Suppose there were an extremely rare fatal disease curable if caught before the age of 5. Say this disease struck 1 person in 1 million. Even if the test were cheap, easy and accurate, a million people would need to take and pay for the test to reveal that single case, on average.

Clearly, for the diseased individuals, these kinds of screening tests can be lifesaving. But what if your doctor recommended the test, even though the chances of it occurring in your child were minuscule?
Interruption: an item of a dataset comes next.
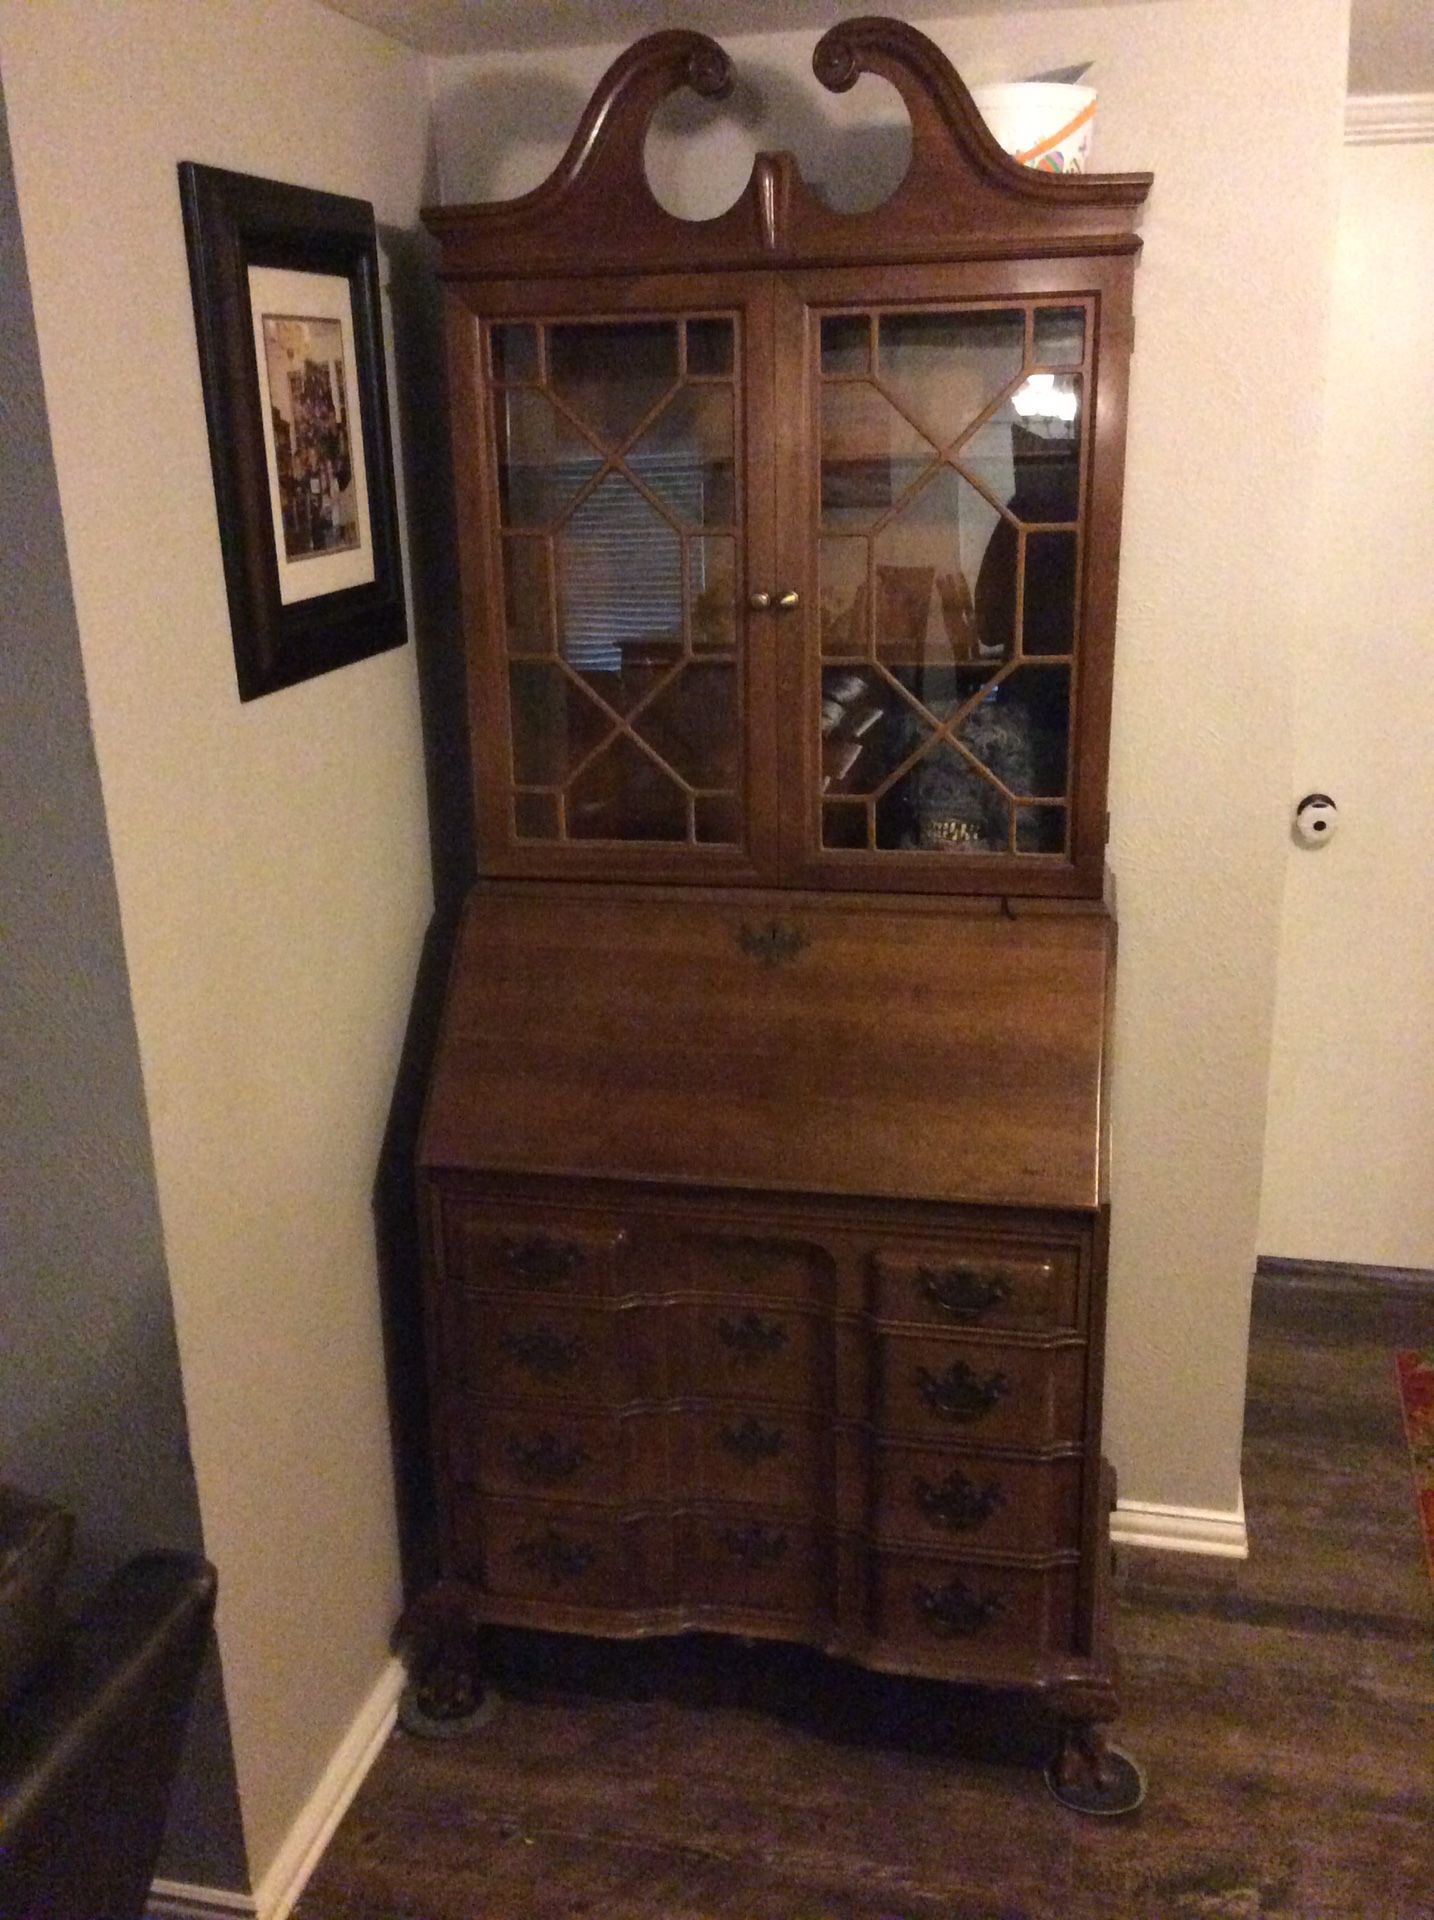 Secretary desk for sale. 32wide 18 deep 6’9 inches tall

You might ask your pediatrician if it made sense to test everyone, because the risk is only 1 in 1 million, getting time off from work is a hassle, a doctor bill is a hassle, and putting a toddler through a medical test is emotionally and physically draining.

On the other hand, diseases like measles, mumps and rubella were so common and the vaccines so inexpensive and effective that virtually all children in the U.S. receive them before they are allowed to attend school.

Currently, about 1 in 8 women will develop breast cancer in her lifetime. Breast cancer is not a single disease; there are aggressive, invasive types, and slow growing types. Women with certain genetic mutations are more likely to develop breast cancer.

So undergoing mammograms at age 40 seems reasonable.

The five-year survival rate for breast cancer in women in the U.S. is about 89 percent, which is encouraging.

Here's what puzzles and confounds many men and women. Canadians followed 40,000 women ages 50 to 59 in the 13-year study that concluded in 2000. The women were split into one group who received physical exams and another that were given mammograms.

The Canadians found that though more cancers were detected by mammograms, their death rates were no lower than the physical exam group. The inescapable conclusion is that yearly mammograms did not increase survival rates after cancers were detected.



Can this be true? It makes little sense. The methodology of the test was criticized, including the quality of the mammograms. The age of the participants is another issue. All of the women probably faced an elevated risk, skewing the results.

This is why it is so important to read and understand medical reports and journal articles. Why it is important to study biology and physiology. You don't need to agree with evolution to be a good doctor, though genetics is part of an educated person's knowledge.

Even if the study had been conducted perfectly, epidemiology has to do with large numbers of people. Medicine pertains to the individual.

So when all is said and done, here's what you should do: Consult your own doctor or doctors about whether they think you should get or delay mammograms. Because you're the person at risk for breast cancer.

This is your life, and you should not allow an obscure public health meta-study to dictate what medical tests you choose, and when you choose them.